Records >>
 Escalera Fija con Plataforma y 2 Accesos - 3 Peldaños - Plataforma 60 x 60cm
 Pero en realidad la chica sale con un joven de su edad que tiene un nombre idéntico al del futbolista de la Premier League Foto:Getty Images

==

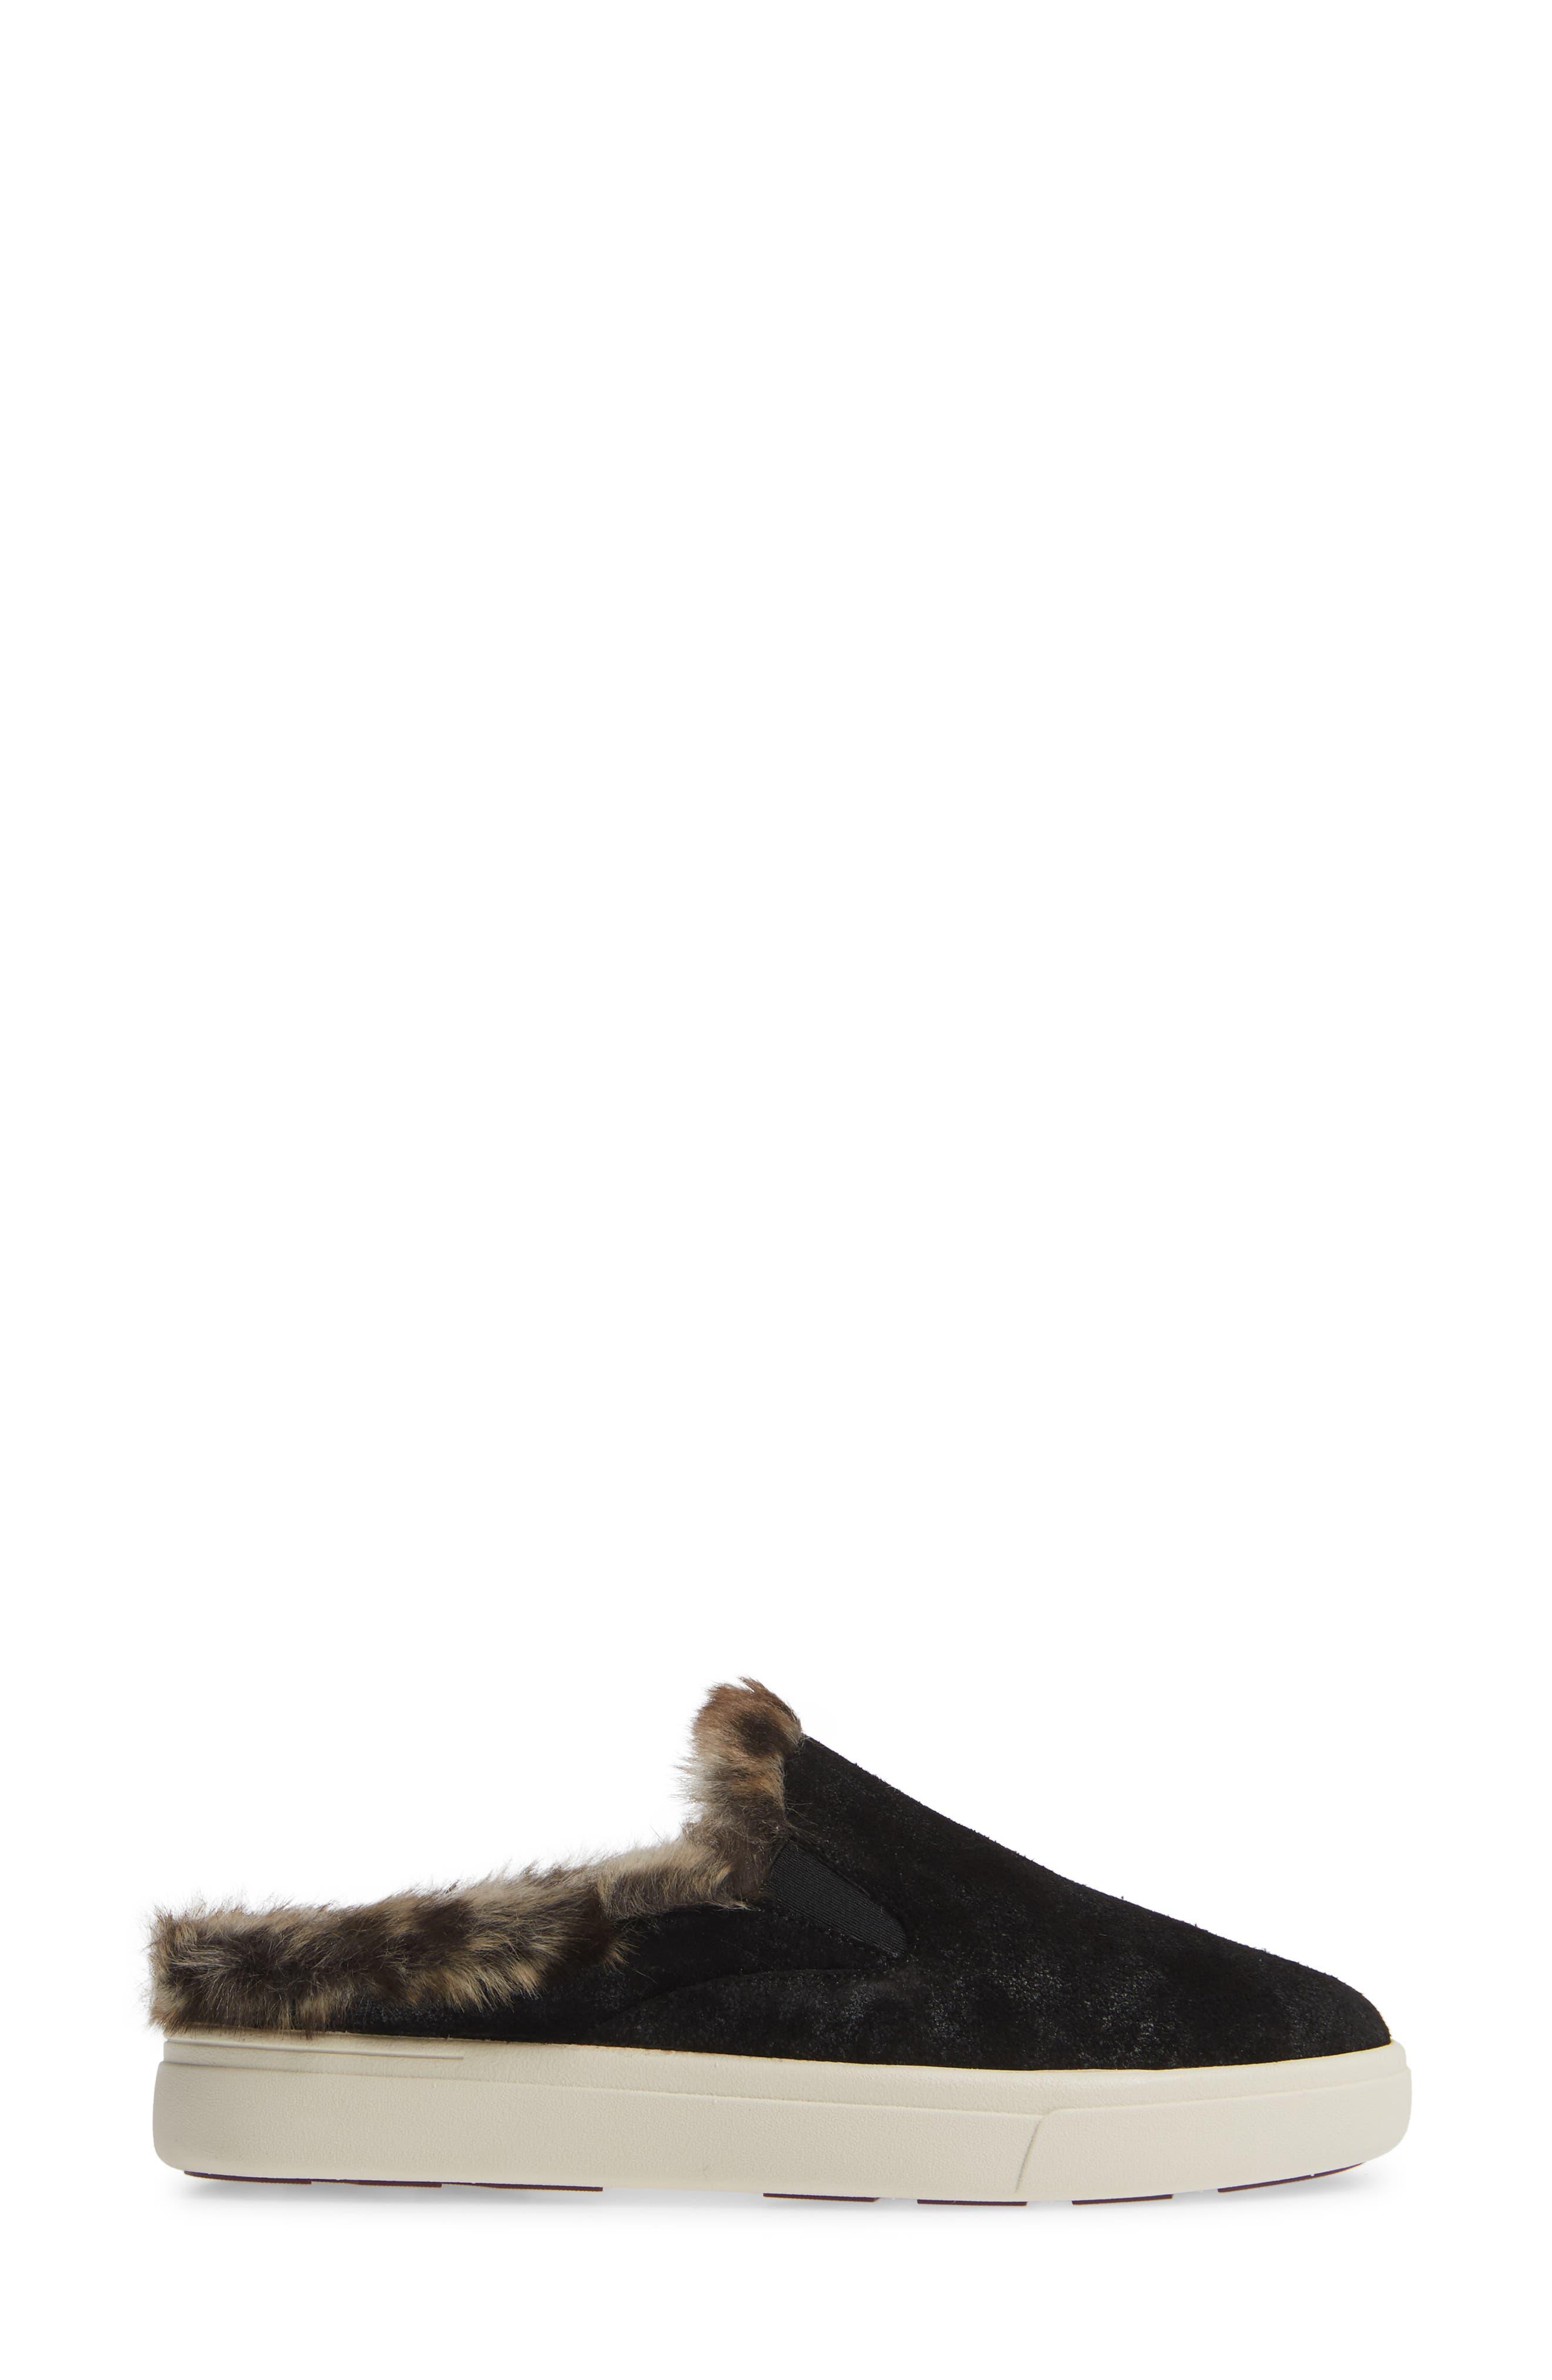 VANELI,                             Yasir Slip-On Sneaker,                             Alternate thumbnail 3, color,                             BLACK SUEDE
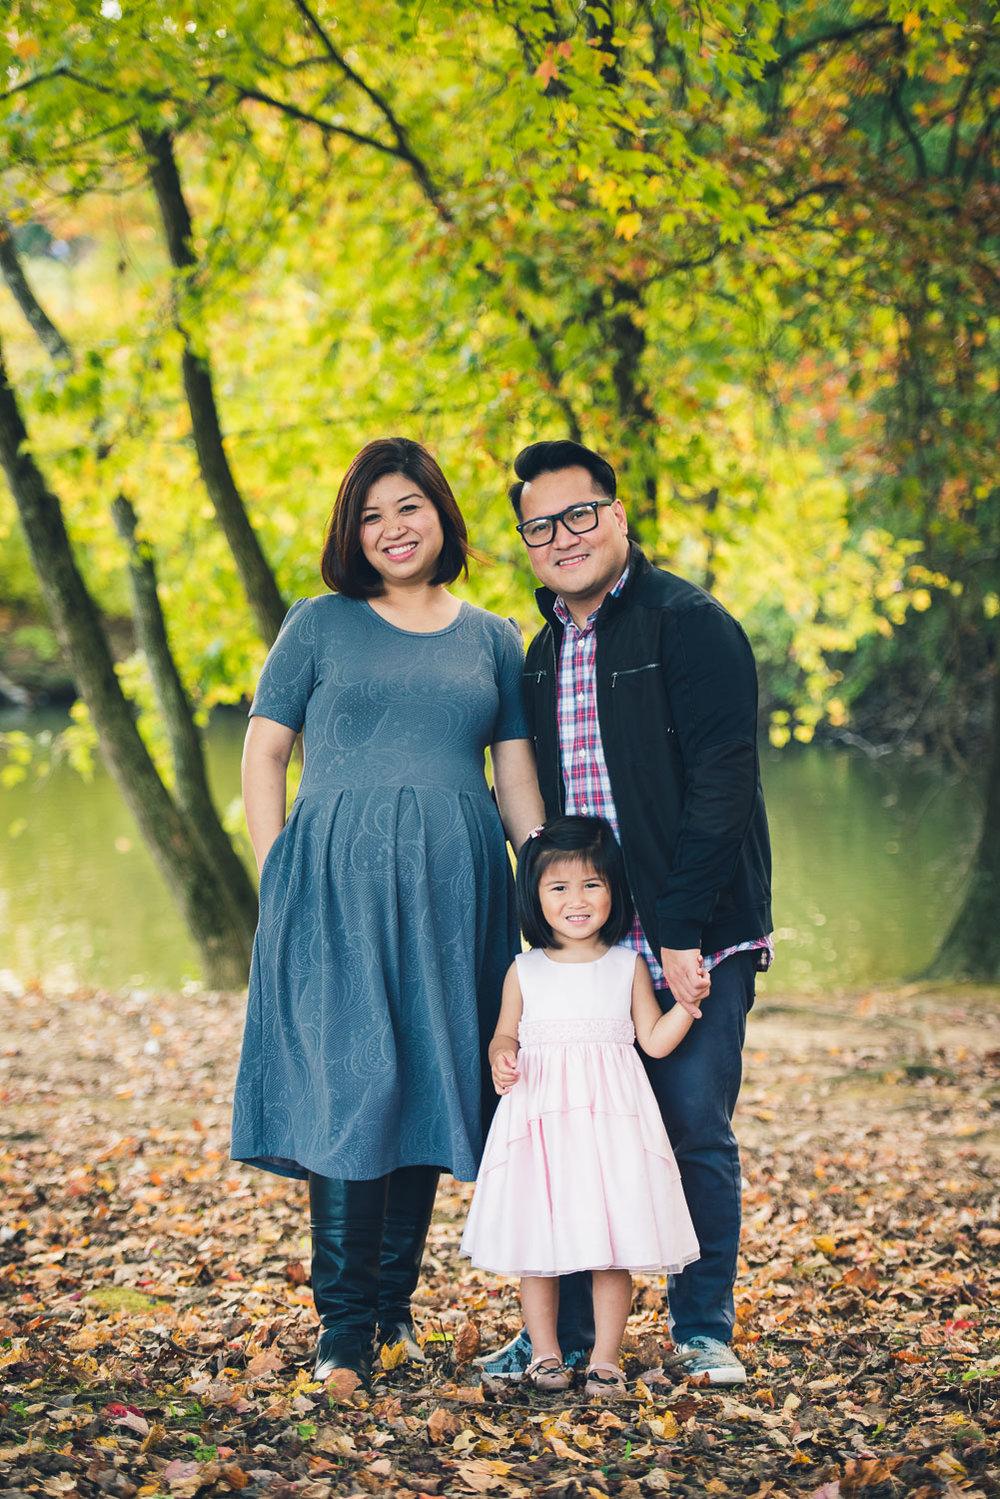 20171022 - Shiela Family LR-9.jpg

* * *

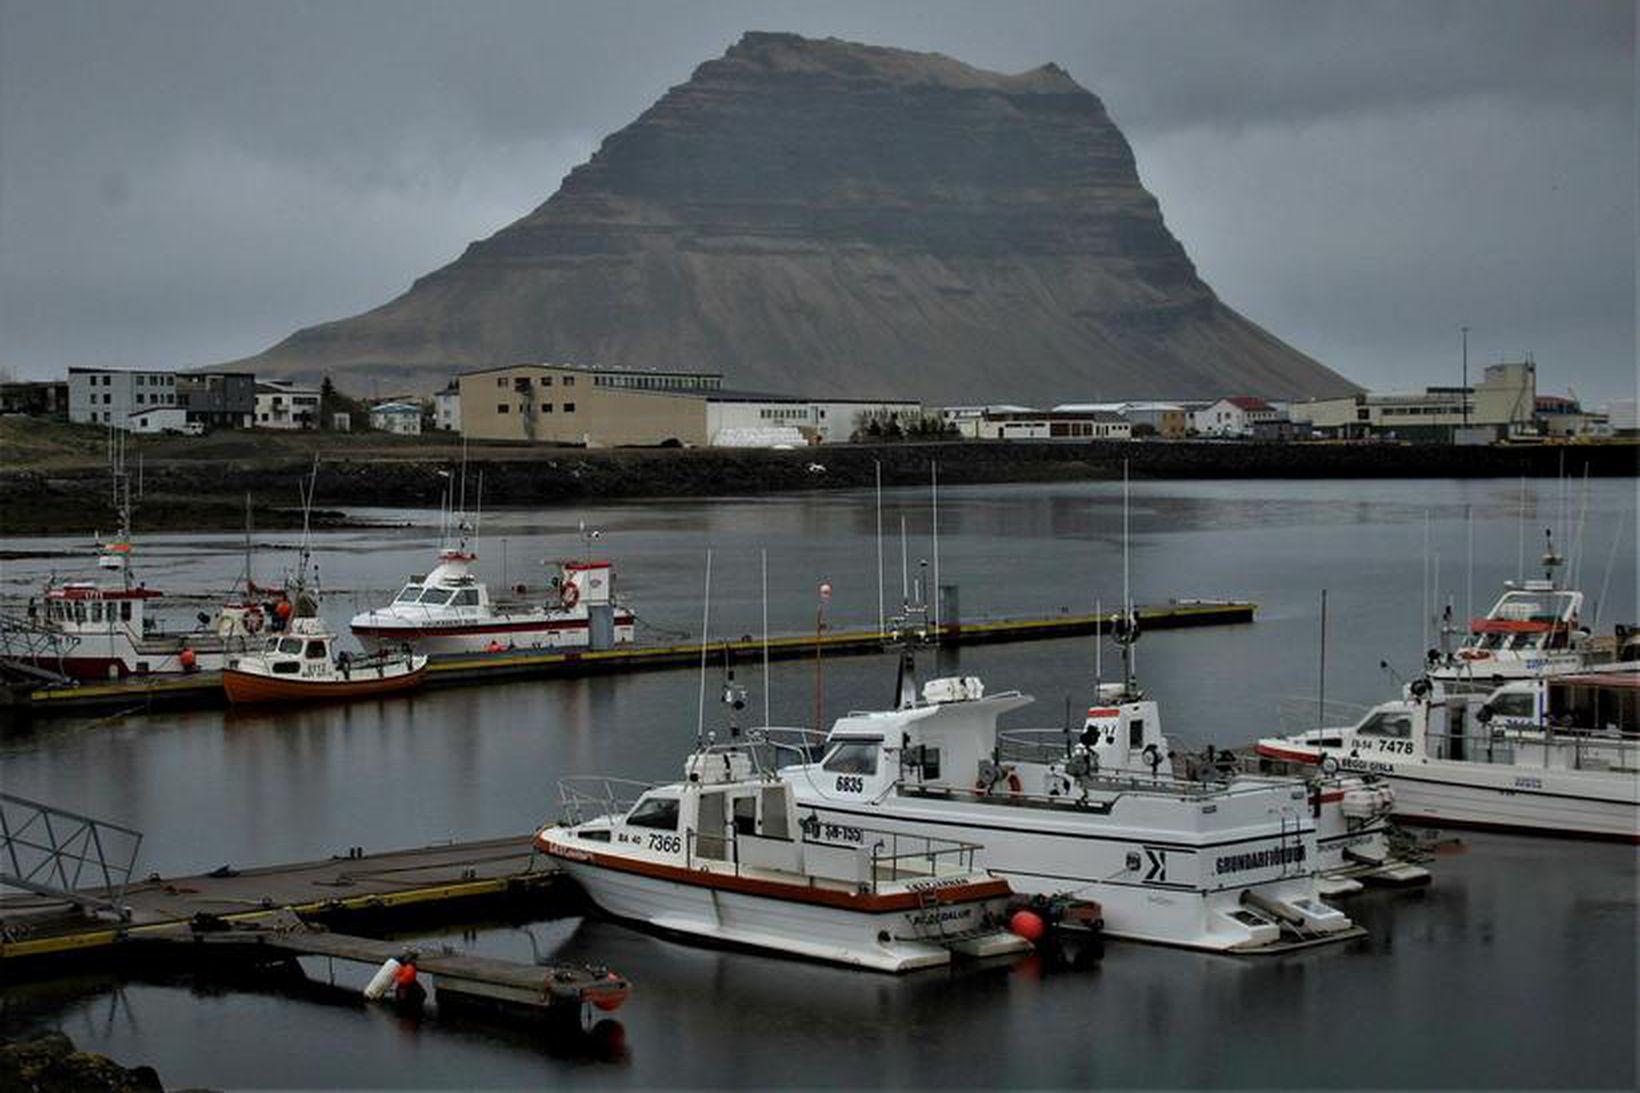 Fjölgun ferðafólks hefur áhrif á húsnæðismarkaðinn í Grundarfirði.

Instructions for the task >> Return exactly, and only, the lines above starting at the line that contains "Escalera Fija con" and ending at the line that contains "Pero en realidad".

Task solution >>
 Escalera Fija con Plataforma y 2 Accesos - 3 Peldaños - Plataforma 60 x 60cm
 Pero en realidad la chica sale con un joven de su edad que tiene un nombre idéntico al del futbolista de la Premier League Foto:Getty Images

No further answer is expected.